Field Programmable Gate Arrays are well-known for their ability to accelerate artificial intelligence / machine-learning applications. But how are FPGAs implemented and what are the differences? Let’s take a look at the engineering design space.
FPGAs and AI: Implementing AI
Artificial intelligence (AI), is a hot topic for both edge and cloud applications. AI can often make systems safer, more efficient, or secure. Although artificial intelligence has been around for a while, it was first introduced to the public in 1956 by John McCarthy at the first conference on artificial Intelligence. Although significant research has been done over the years, AI systems have only been able to move from research and lab into products and road maps.
Machine Learning (ML) is one of the most widely used forms of AI in cloud and edge environments. Machine learning refers to the study of computer algorithms that enable computers to improve their performance through experience. This is done by providing a ML network that includes images with labels. The machine learning algorithm recognizes elements and features of an image. When a new image is added, the ML algorithm calculates how likely it is that the image contains any of the learned elements and features. These ML algorithms can detect objects in images and process keywords in speech to analyze sensor data for anomalies. These algorithms are used in vision-guided robotics and autonomous operation of vehicles. They also provide prognostication for industrial and safety critical systems.
The ML learning algorithms can be divided into two parts. The first is the training of the network against a training dataset. The second element is the deployment of the network in the field. These elements are known as training and inference. To train accurate models, you need a large dataset that is labelled. This data can often be used on cloud-based GPUs to speed up the training process. The trained network can be deployed by design engineers across a variety of technologies, including MCU, GPU, and FPGA. Caffe and TensorFlow are two of the most popular frameworks. Pytorch and Caffe are used to aid in training and deployment of AI/ML systems. These frameworks can be used for network definition, training, or inference.
Many edge-based AI systems have the ability to infer within a defined time frame.

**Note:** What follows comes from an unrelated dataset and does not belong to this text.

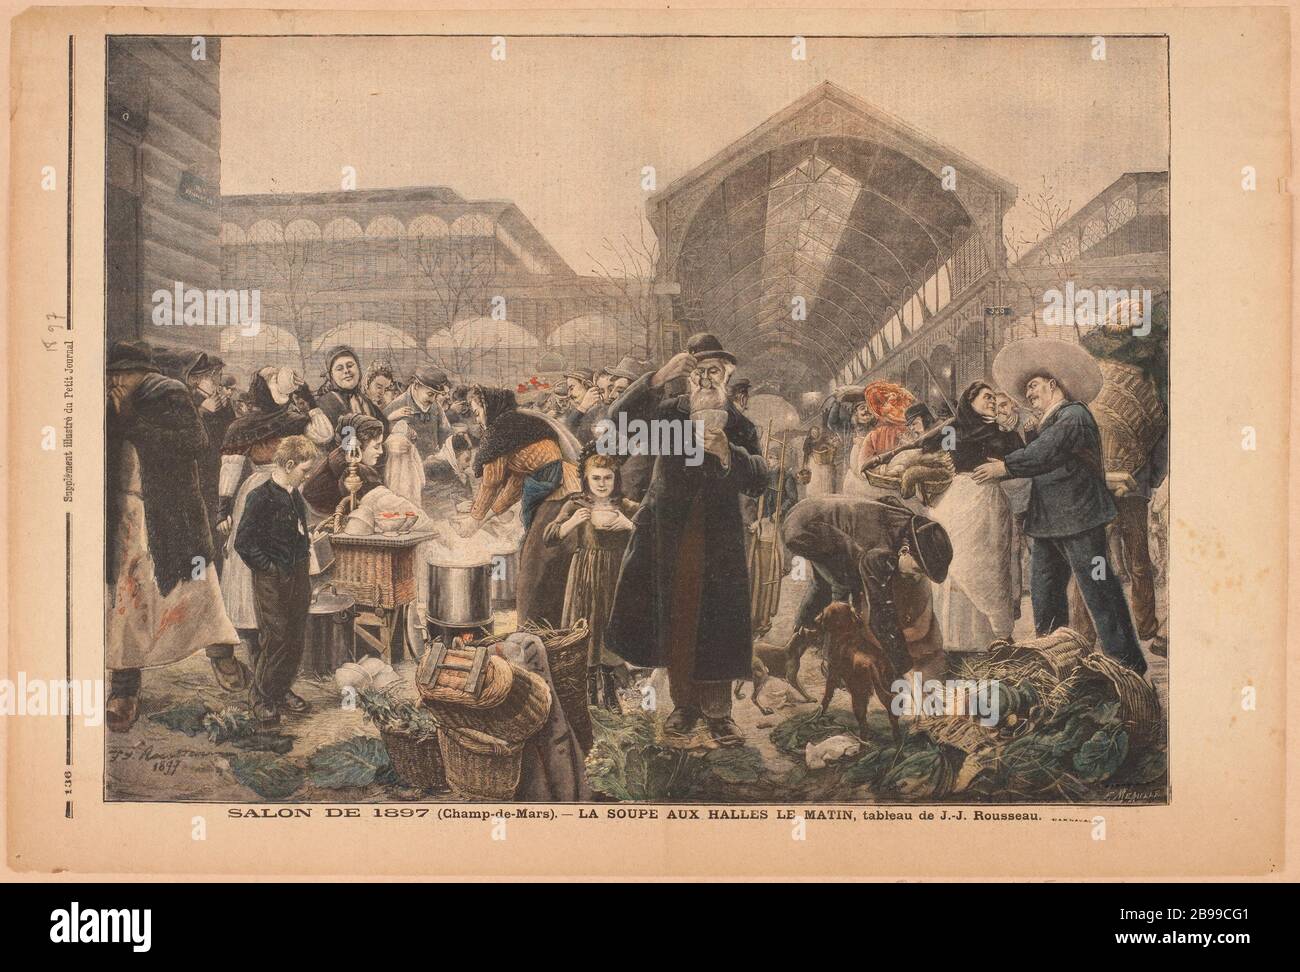 Zuppa Halles mattina Fortuné-Louis Méaulle (1844-1901). 'Salon de 1897 (Champ-de-Mars) - la soupe aux Halles le matin'. Parigi, musée Carnavalet. Foto Stock

This is one of their key features. Autonomous vehicles must be able to quickly detect pedestrians, vehicles and obstacles in order to avoid collisions. This requires a system that is both responsive to the inputs and deterministic.
Edge-based solutions developers often target FPGA and heterogeneous SOC solutions due to their requirements for responsivity. This provides a developer with a programmable logic that is ideal for creating machine learning networks. Its parallel nature allows both a responsive and highly deterministic application.
Two approaches are possible when it comes to Machine Learning inference using programmable logic. No matter which approach you choose, neural networks are trained using floating point mathematics. However, FPGA and heterogeneous SoC implementations typically use fixed-point implementations. Quantization is the process of converting floating to fixed points. This can lead to a slight decrease in inference accuracy. However, most applications can use additional training using quantized weights or activations to recover that accuracy.
The first method implements the neural network within the programable logic. The network is loaded with the trained weights to make inferences at them. This can be done either in run time or during compilation / synthesis of the design.
The AMD-Xilinx FINN Network is an example of such neural networks. It can be used for quantized neural networks to be implemented in FPGAs. These quantized neural networks can be implemented using a quantized network with binary weights, two-bit activations and quantized neural connections.
An alternative to directly implementing the neural network in the FPGA logic is to use a highly specialized neural accelerator. The neural network accelerator is implemented within the programmable logic. It is closely coupled with the DDR memory with high-bandwidth links and the dedicated processors in the heterogeneous SOC. The software application provides the network, weights, activations, and biases to applications that use the neural network accelerator. This makes it easier to integrate ML inference into the overall application. The AMD-Xilinx Deep Learning Unit is an example of a neural network accelerator. It can work with networks in Pytorch and TensorFlow, and can also perform quantization, retraining and program generation. This allows for easier integration with the current application.
Quantized neural networks can be achieved in FPGAs using less resources as there is no need for external DDR support or SoC-based system support. A specialized neural network accelerator is best for high performance and accuracy. It also makes integration easier and often results in a more efficient solution. This is why several vendors use this approach to their AI solutions.
Last Thoughts
As in many cases, the choice of solution depends on the end application. AI may be a dominant marketing component of the solution. Real-world AI is often only one component of the solution. Sensor interfacing, preprocessing, actuator drive, and other components that make up the solution all have their own requirements and constraints.
Programmable logic allows developers to create deterministic and responsive AI/ML solutions for a variety of applications. These solutions integrate with industry standard frameworks, allowing the developer to concentrate on the value-added activity.